参考Flink/Spark 如何实现动态更新作业配置,讲得比较详细,这篇的文章的参考参考文献也可阅读一下。flink任务配置动态更新的实现方法,可通过添加一个控制流,将数据流与控制流连接后,再读取控制流中的消息来更新数据流处理逻辑中的参数,这样即实现了数据流处理逻辑中配置参数动态更新的方法,无需重启任务或修改代码。
本例中,控制流发送的整数作为除数,如果数据流中的整数除以控制流中的整数余数为0,则将数据流中的数据向下游发送。
先设置并行为1,测试效果。定义2个数据源,一个dataStream产生数据流,其中数据为0到19,一个configStream产生控制流,向流中发送一个整数2。

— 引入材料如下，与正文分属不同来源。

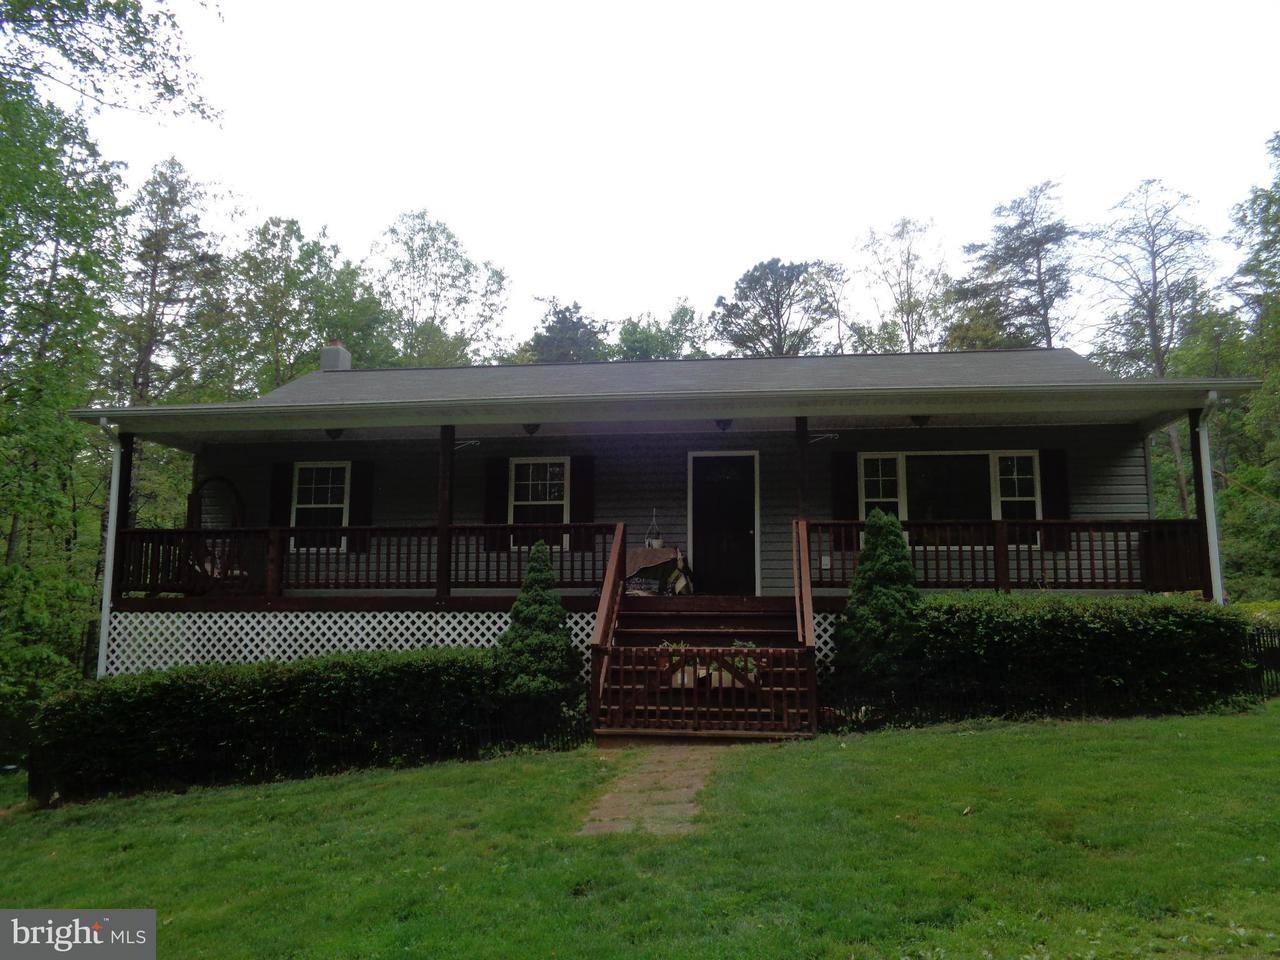 Single Family Home for Sale at 123 Poplar Hollow Lane 123 Poplar Hollow Lane Castleton, Virginia 22716 United States

StreamExecutionEnvironment env = StreamExecutionEnvironment.getExecutionEnvironment();
env.setParallelism(1);
DataStream<Integer> configStream = env.addSource(new SourceFunction<Integer>() {
private static final long serialVersionUID = -4529394264795596001L;
private boolean running = true;
@Override
public void run(SourceContext<Integer> sourceContext) throws Exception {
sourceContext.collect(2);
}
@Override
public void cancel() {
running = false;
}
});
DataStream<Integer> dataStream = env.addSource(new SourceFunction<Integer>() {
private static final long serialVersionUID = -1885959149409672550L;
private boolean running = true;
@Override
public void run(SourceContext<Integer> sourceContext) throws Exception {
for (int i = 0; running && i < 20; i += 1) {
sourceContext.collect(i);
}
}
@Override
public void cancel() {
running = false;
}
});
连接数据流与控制流
ConnectedStreams connectedStreams = dataStream.connect(configStream);
处理连接后的流,如下代码所示,先定义除数为1,processElement2函数处理的控制流发来的数据,接收到后更新除数的值;processElement1处理的数据流发来的数据,如果数据除以除数的余数为0,则通过collector发出去。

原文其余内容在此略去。